Ирина Потанина - Русская красавица. Анатомия текста
Во-первых, вопрос с поездкой в Болгарию и с выплатой гонорара уже решен. Только что она утрясла все нюансы с Геником. Ехать можно будет уже через неделю. К тому времени текст действительно будет уже готов — Лиличка всех обзвонила и уточнила сроки исполнения.
Во-вторых, — и в тот момент эта новость меня обрадовала даже больше предыдущей — сегодня мне ехать никуда не нужно, потому как работникам проекта сегодня полагается выходной. Всем! И ей, Лиличке, в том числе.
Разумеется, я тут же простила моей церберше все гадости и ухищрения. Мише-Люде позвонила осторожно, опасаясь, что телефоны прослушиваются:
— Вы знаете, что сегодня выходной? А, вам разрешили сегодня работать дома. Вот и мне также. А у меня умопомрачительная новость.

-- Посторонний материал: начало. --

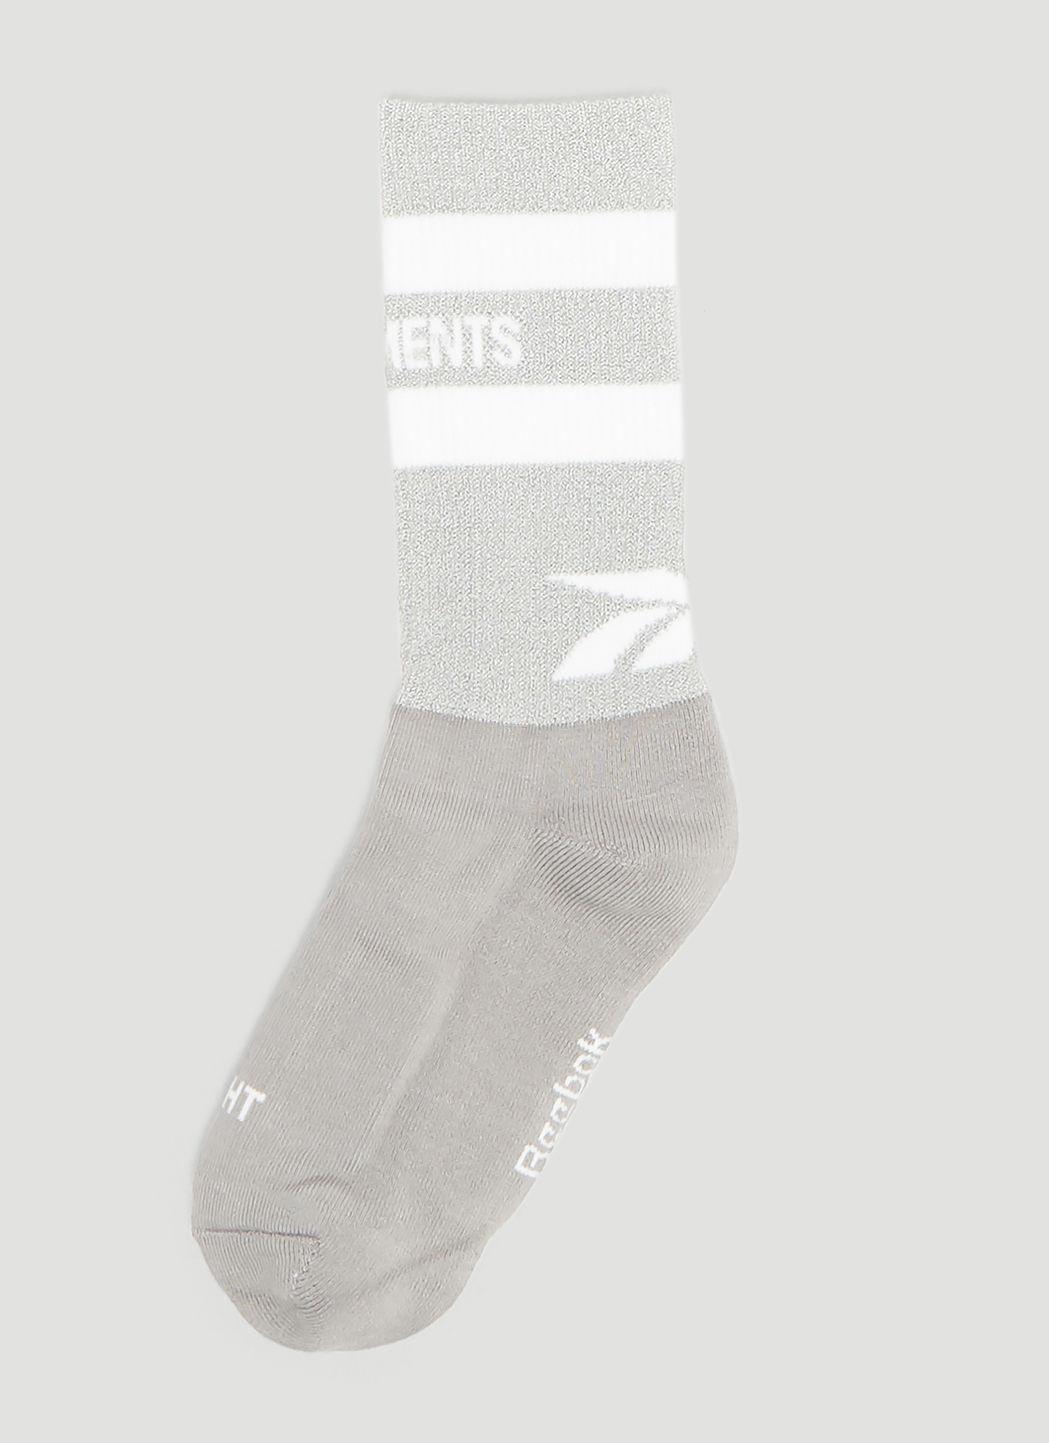 vetements x reebok reflective socks

Вероятно, окончив текст, я поеду на тдых в Болгарию. Вам жене сложно будет проследить, чтобы файлы попали в издательство и все прочее? Мы с Лилией так устали, так хоти отдохнуть хоть немного!!!
Миша-Люда поняли меня совершенно врено. Мы вежливо распрощались, желая друг другу удачного выходного.
Чуть позже оказалось, что получить выходной — задача сложная, но придумать, как его провести, чтобы не было мучительно больно за бесцельно убитое время, — еще сложнее. Я металась по комнате с записной книжкой в руках и откровенно нервничала. Этому звонить совершенно не хочется — его настойчивые попытки обратиться в альфонса злят до сих пор. Этот, судя по слухам, женится. Остальным — совершенное безумие, потому как уж они-то точно — абсолютно чужие люди.
«Сбылись твои пророчества, /ворвалось одиночество,/ дни тают, как снег, /в теплых ладонях…» Это не я, это радио. Хоть не включай его, честное слово, с его дотошным даром предвиденья.
— Стоп! — усаживаю себя в кресло, забрасываю ногу на ногу. — А отчего, собственно, я так настроена на контакт с мужчинами. Прекрасно можно провести время с отцом — он, небось, давно уже соскучился. А вечером можно с маман в ее любимый кабачок нагрянуть… Она давно звала и обижалась даже, что я не выбралась…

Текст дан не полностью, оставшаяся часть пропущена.